3. **Accessing a dataset downloaded outside of Google Colab:** If you have already downloaded a dataset locally, you can upload it to your Google Drive or directly to the Colab environment and then initialize the `mirdata` loader with the path to the dataset directory using the `data_home` parameter.

## Validate the dataset

Using the method `validate()`, we can check if the files in the local version are the same than the available canonical version, and the files were downloaded correctly (none of them are corrupted).

In [6]:
dataset.validate()

100%|██████████| 1/1 [00:00<00:00, 2732.45it/s]
100%|██████████| 64/64 [00:01<00:00, 47.20it/s]

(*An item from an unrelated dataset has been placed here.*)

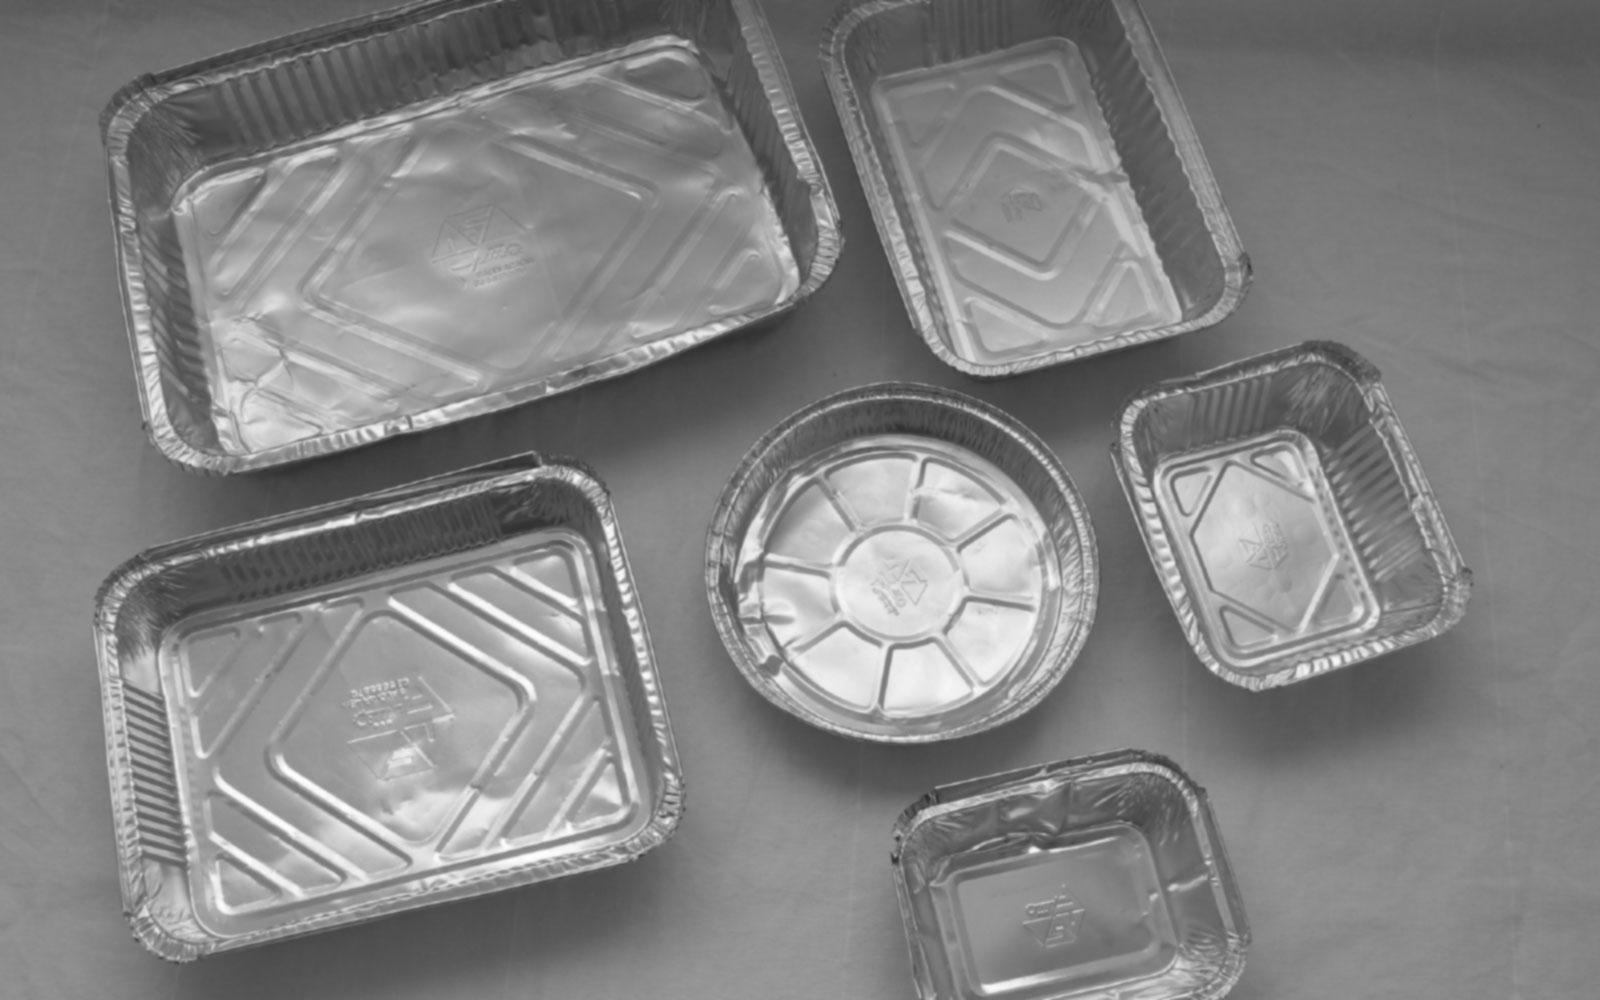 Alamuniom Foil & Container

({'metadata': {}, 'tracks': {}}, {'metadata': {}, 'tracks': {}})

Now you are ready to use mirdata in Google Colab! You can explore more examples from the mirdata usage examples in the documentation to learn about different datasets and tasks, and then apply these techniques and insights to your own music information retrieval projects.